- [WORK ITEM]: The listing below is to be given again in full and word for word, without its images.

- [SOURCE MATERIAL]:

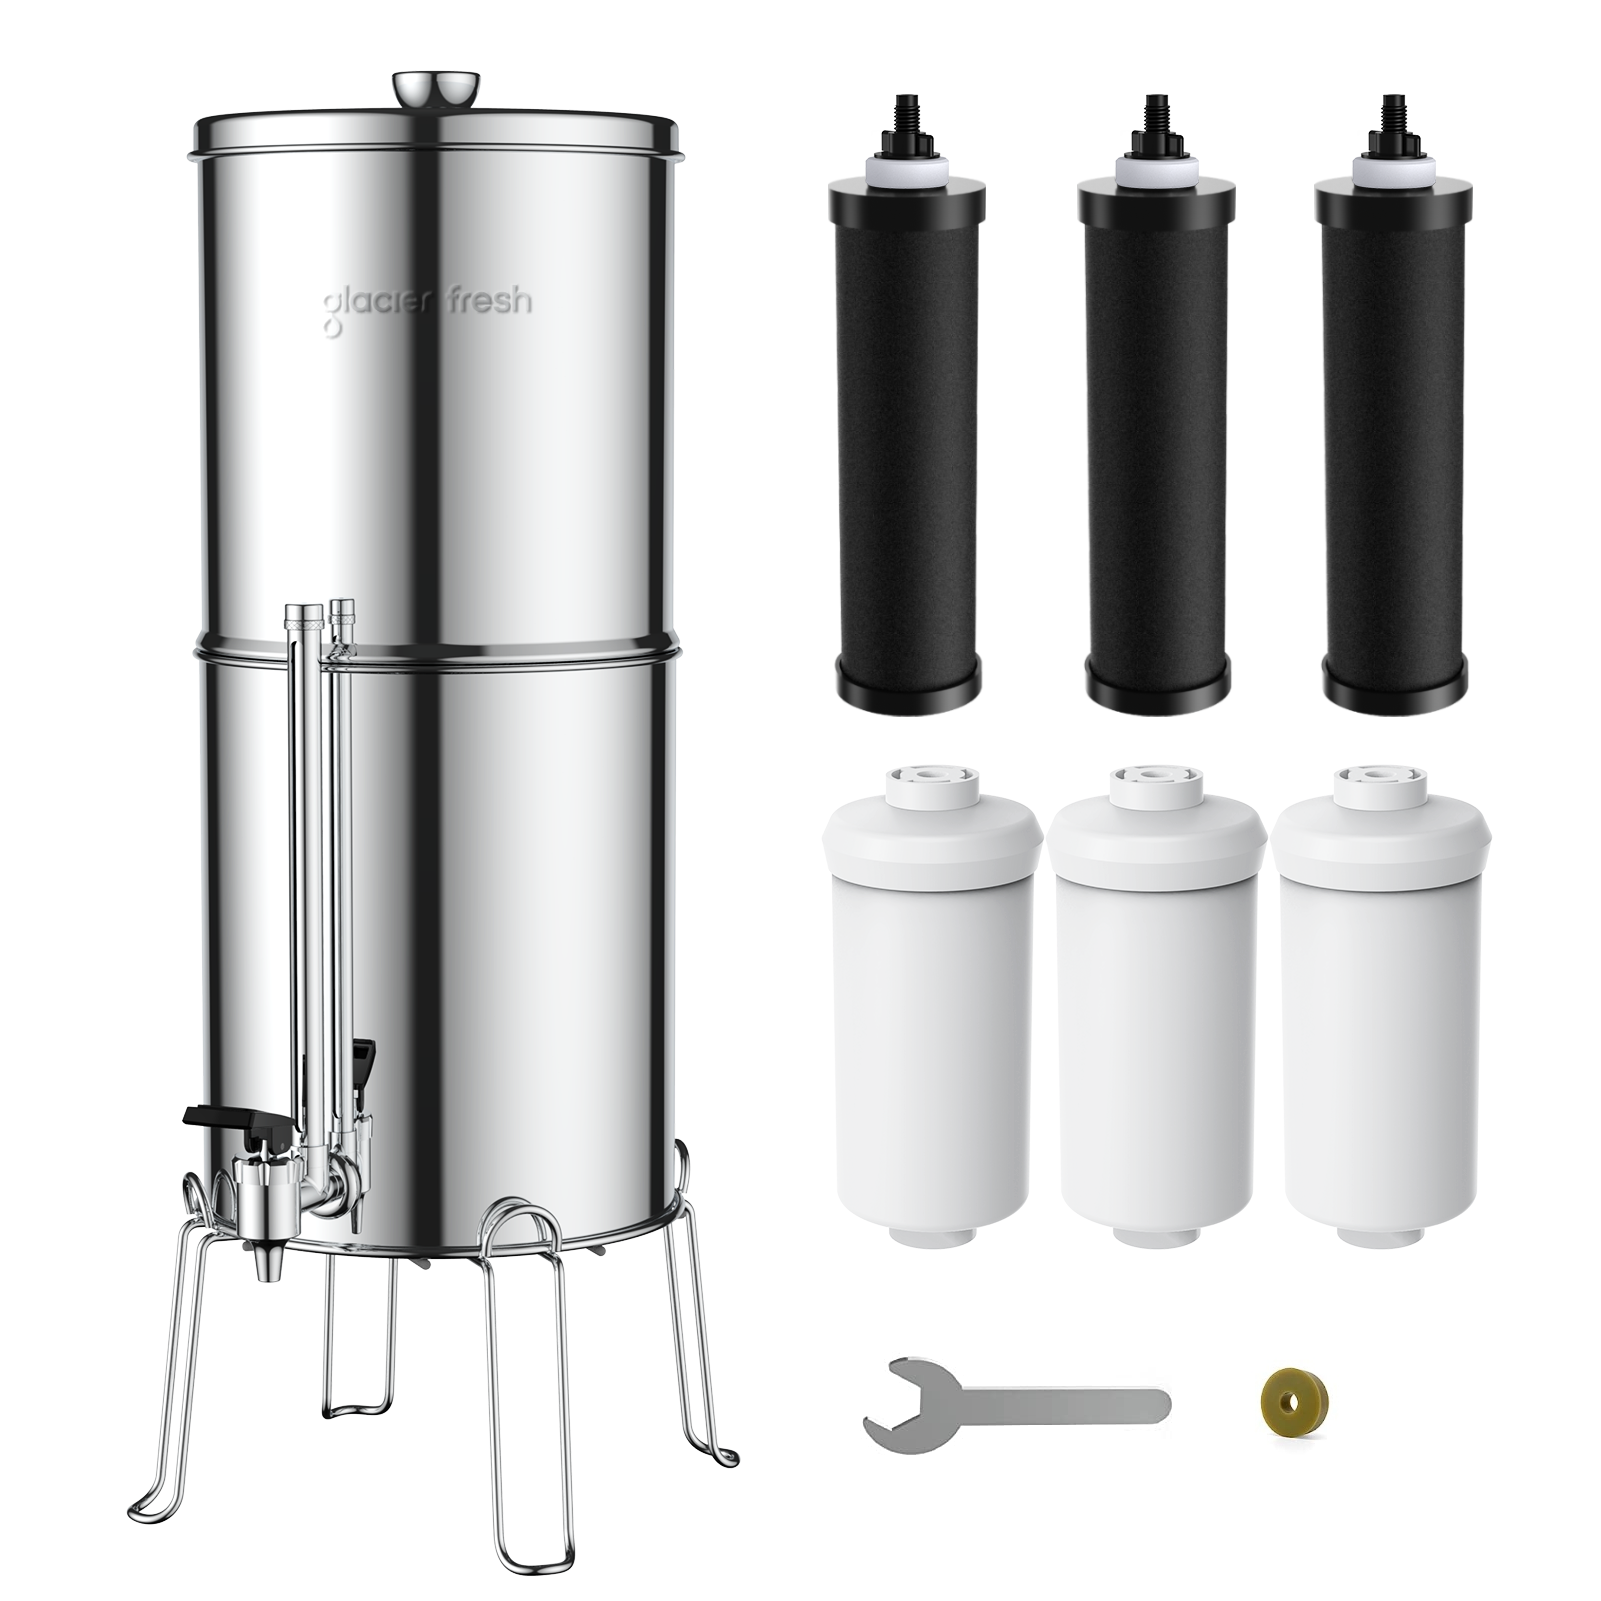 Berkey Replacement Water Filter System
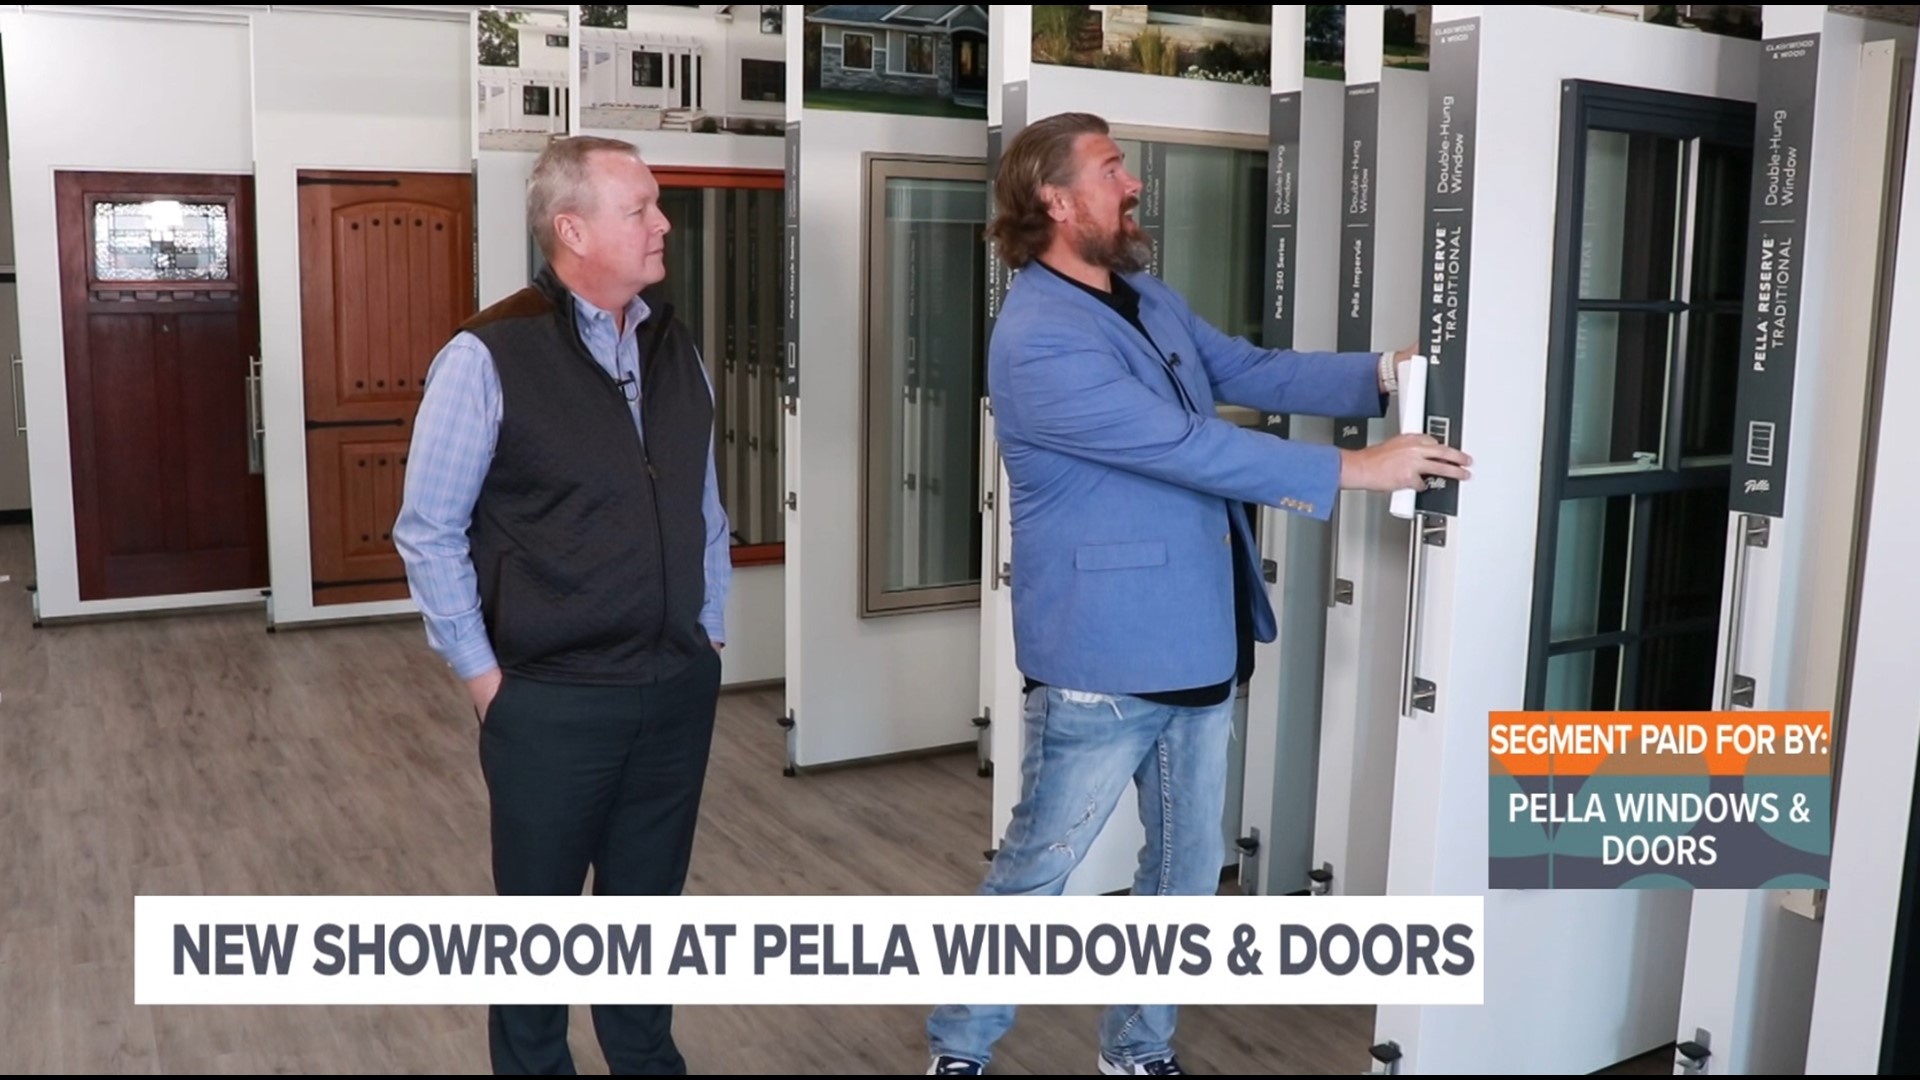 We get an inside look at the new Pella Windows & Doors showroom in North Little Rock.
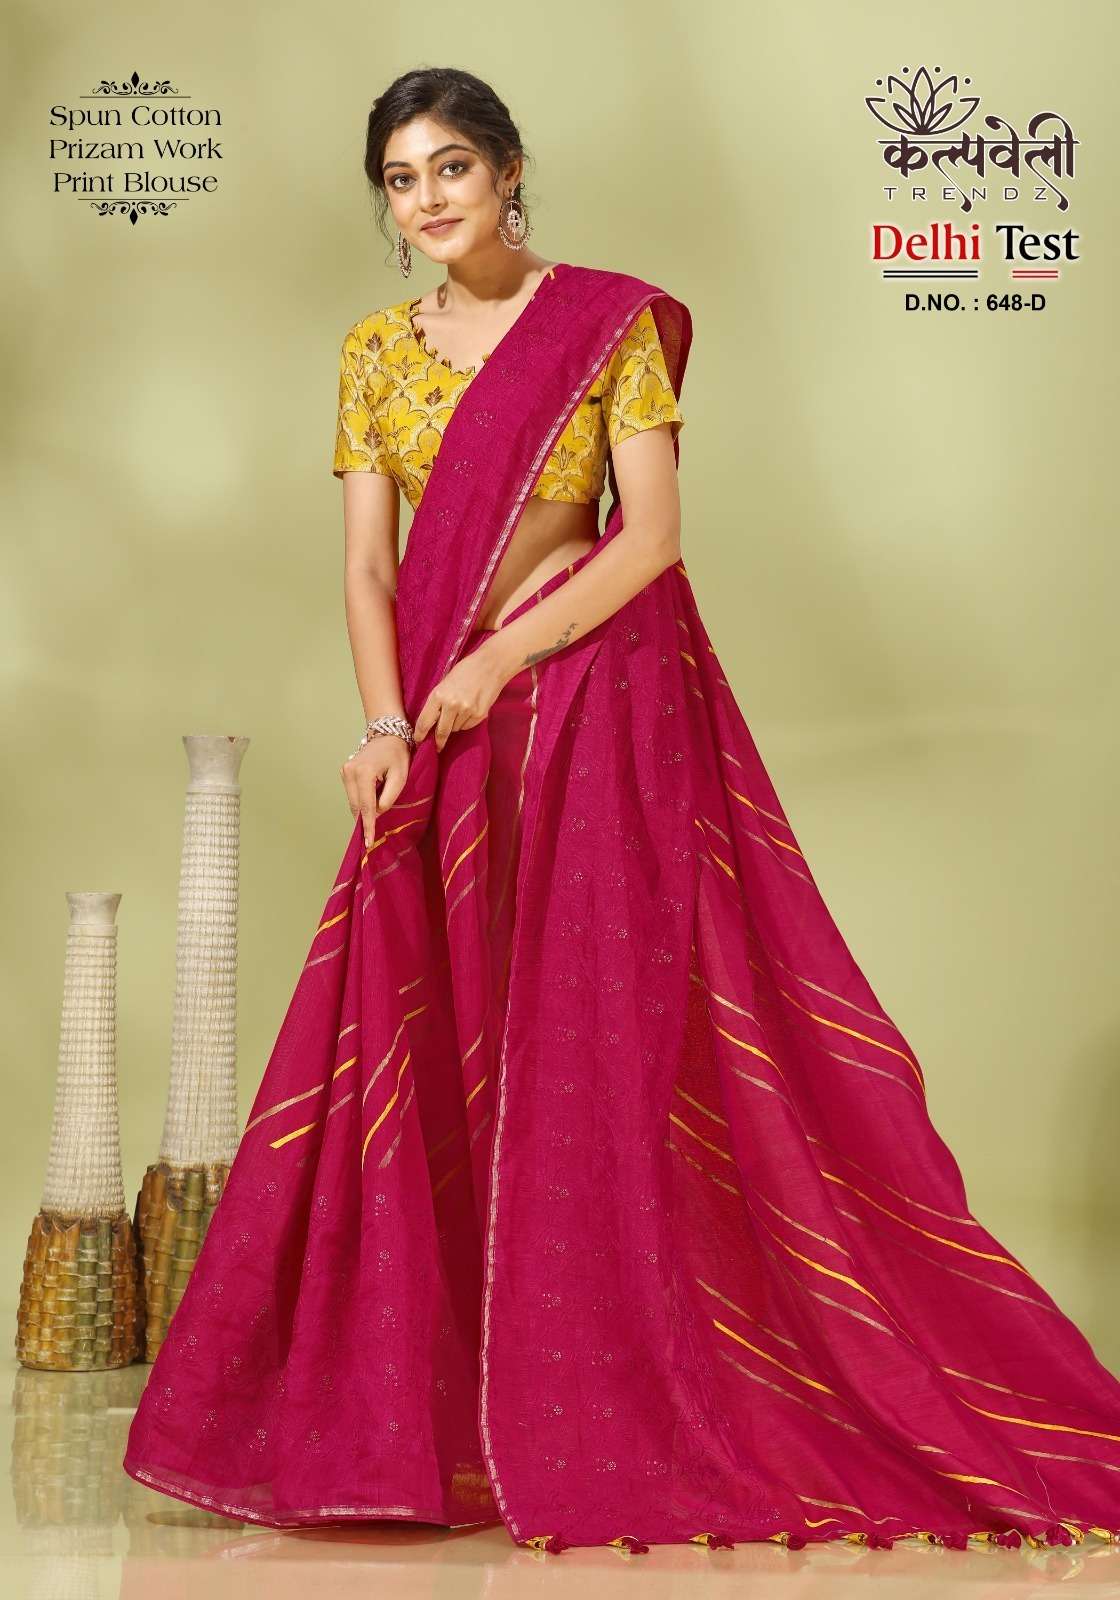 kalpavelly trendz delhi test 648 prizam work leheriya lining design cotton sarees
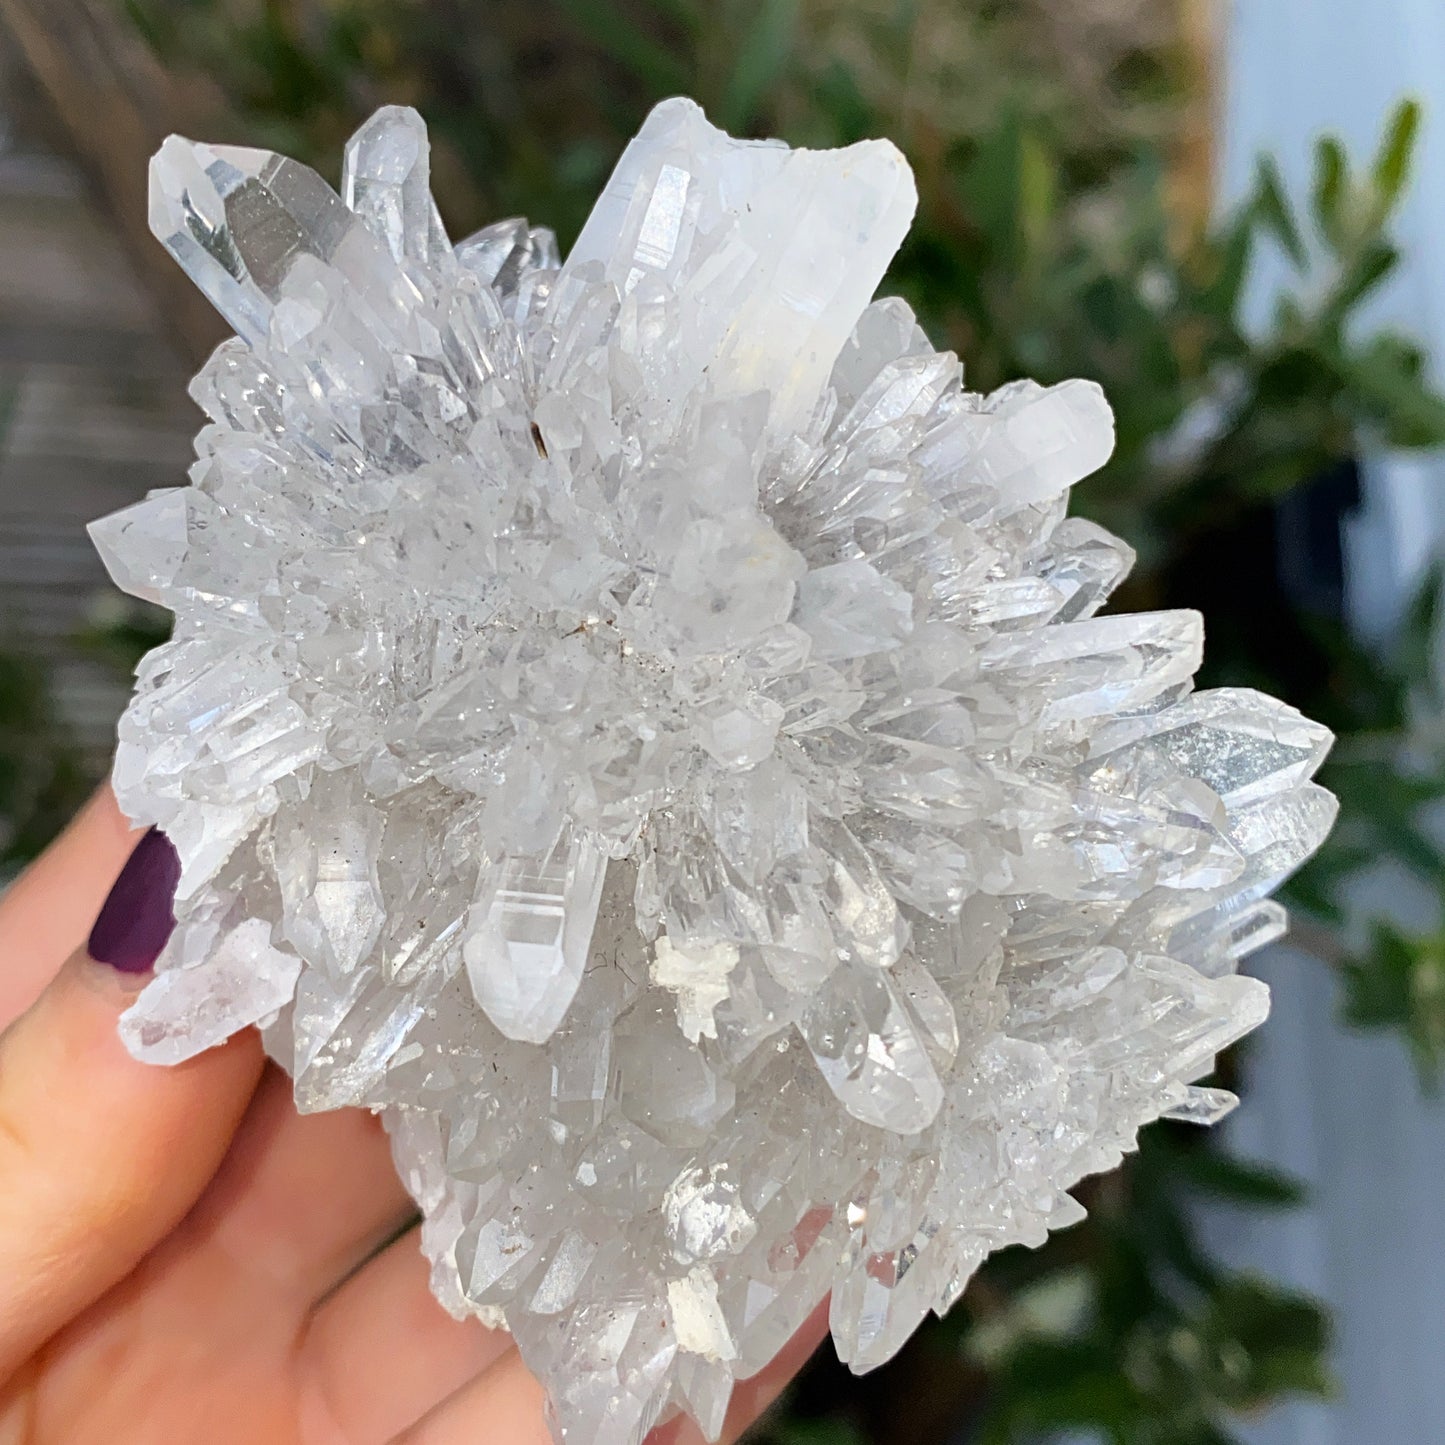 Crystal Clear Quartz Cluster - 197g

- [REPLY TO THE EXERCISE]:
 Berkey Replacement Water Filter System
 We get an inside look at the new Pella Windows & Doors showroom in North Little Rock.
 kalpavelly trendz delhi test 648 prizam work leheriya lining design cotton sarees
 Crystal Clear Quartz Cluster - 197g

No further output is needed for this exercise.